S
S
Slader2013-04-14 13:10:55
NoSQL
Slader, 2013-04-14 13:10:55

What to change MongoDB to

Now the server (2xE5-2630, 128GB RAM, SAS) has MongoDB 2.4.1
It has two collections (in different databases):
- Collection-1: 70 million records (120 insert/s, 60 find/s, database with indexes ~ 9 GB).
- Collection-2: 40 million records (50 insert / s, 40 find / s, base with indexes ~ 11 GB).

The numbers do not seem to be large for this iron. In fact, there are an order of magnitude more requests for reading, but for the rest, information is taken from the cache (Redis). It reaches mongo only in case of a cache miss.

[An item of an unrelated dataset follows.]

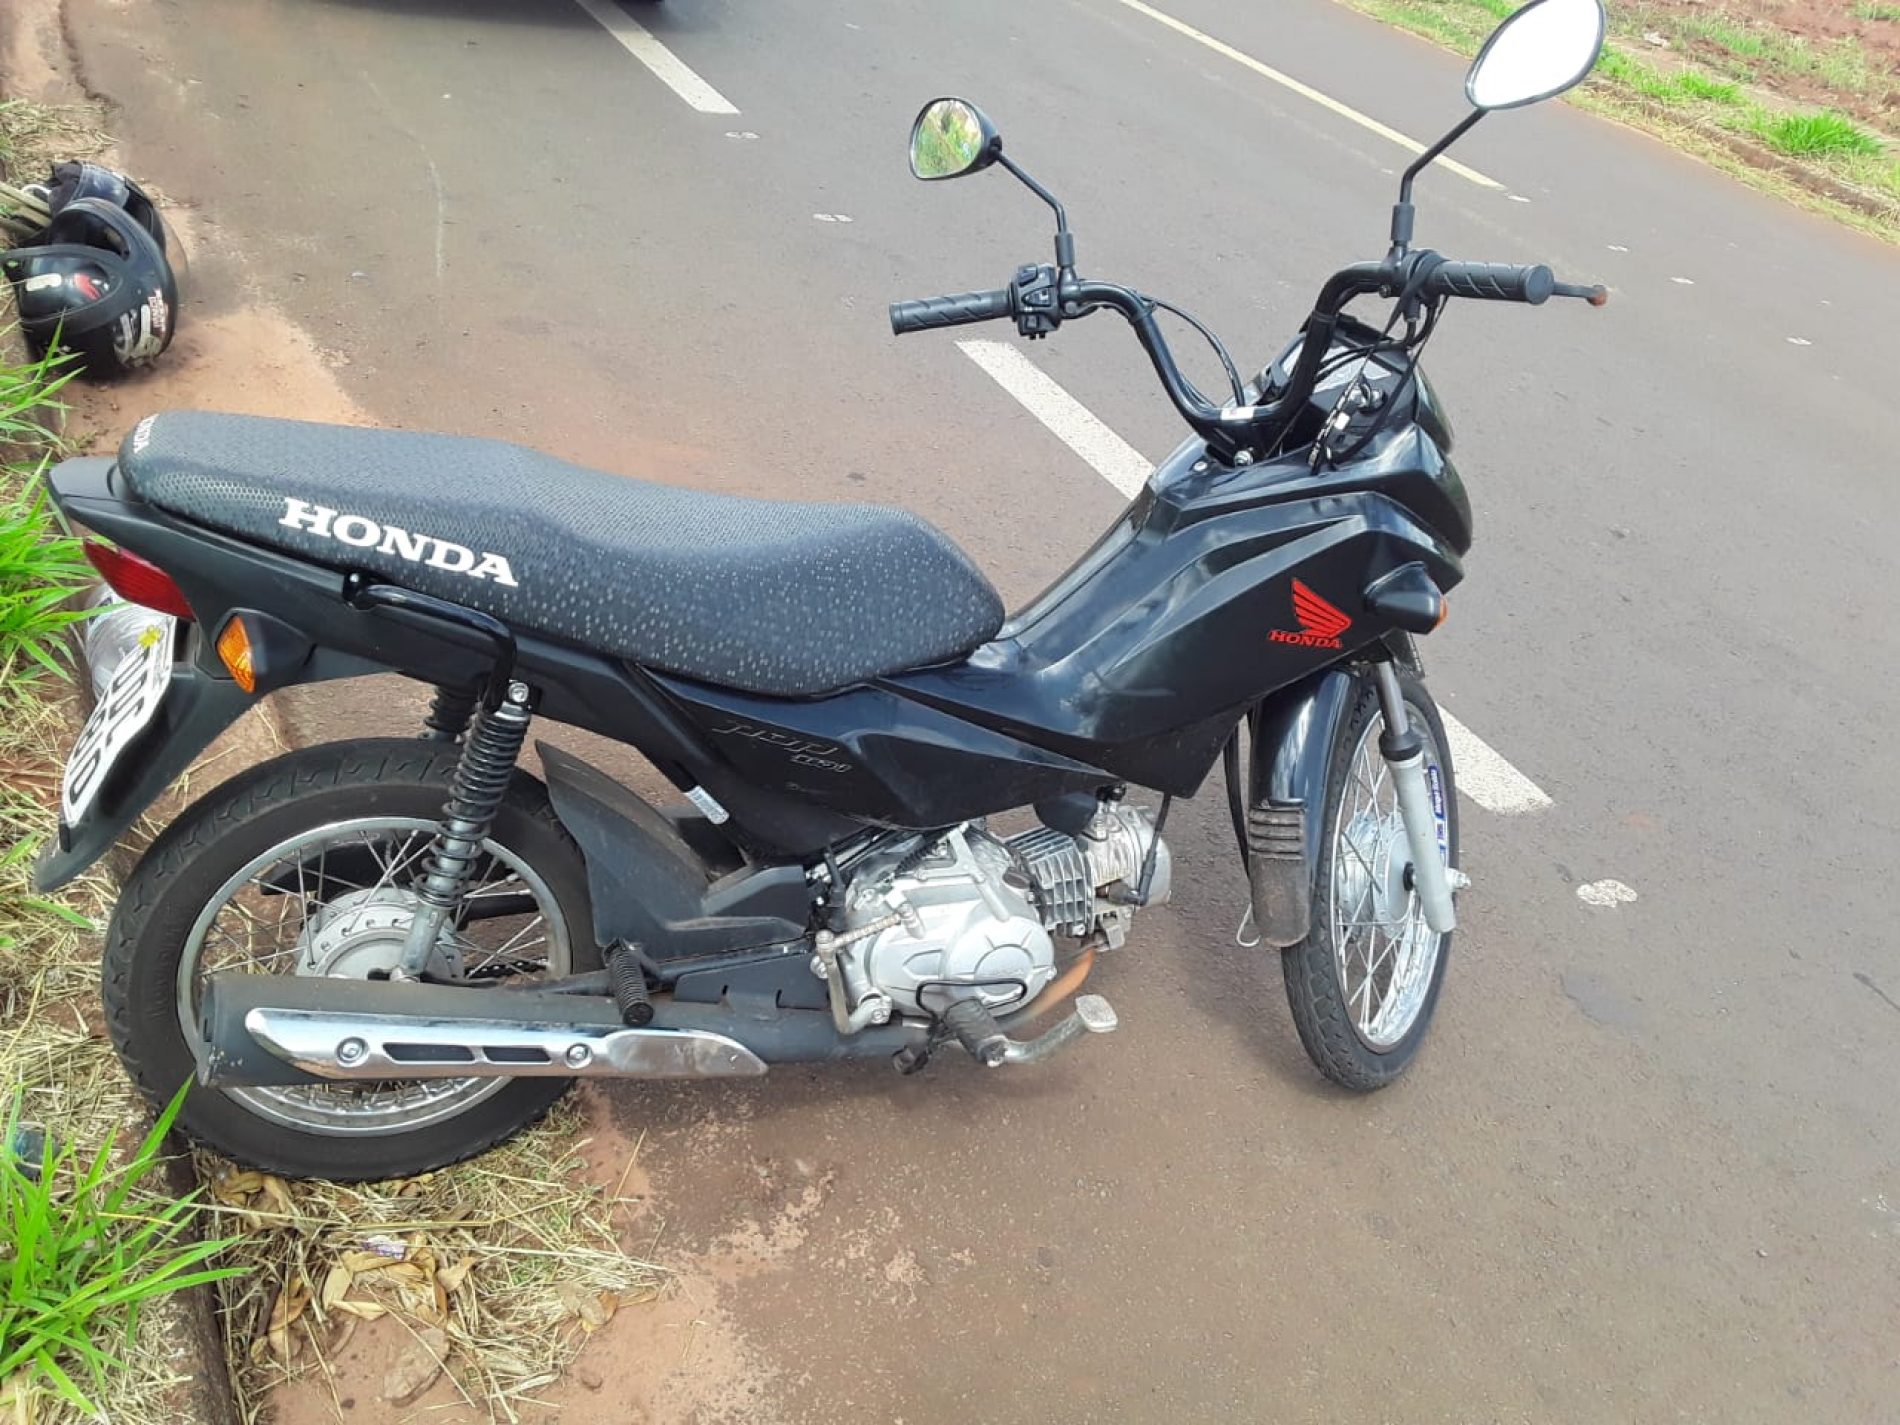 BARRETOS: Polícia recupera moto que havia sido furtada na cidade de Araçatuba

The problem is that multiple find operations are constantly running in 180 - 600ms . Judging by the profiler reports and logs, they are waiting until the writing lock is released.
Sun Apr 14 13:40:44.859 [conn3581] query db1.coll1 query: { _id: "14638g27189a6a957c6a792151df31b7" } ntoreturn:1 idhack:1 keyUpdates:0 locks(micros) r:188697 reslen:105 188ms

To basis generally I do only findOne or insert. The amount of data in insert does not exceed 120 bytes.

iostat -x
rrqm/s wrqm/s r/s w/s rkB/s wkB/s avgrq-sz avgqu-sz await r_await w_await svctm %util
0,01 5,55 0,57 27,60 35,60 1531,59 111,28 0,41 14,46 8,01 14,60 1,61 4,53

Question: what to do? In the future, the amount of data will grow to 500 - 1000 million records. And the number of reading accesses is up to 10 thousand / sec.
I need a very low latency DB to read by key. No complex selections. Need backend for cache. And mongo with its per-database write lock spoils everything.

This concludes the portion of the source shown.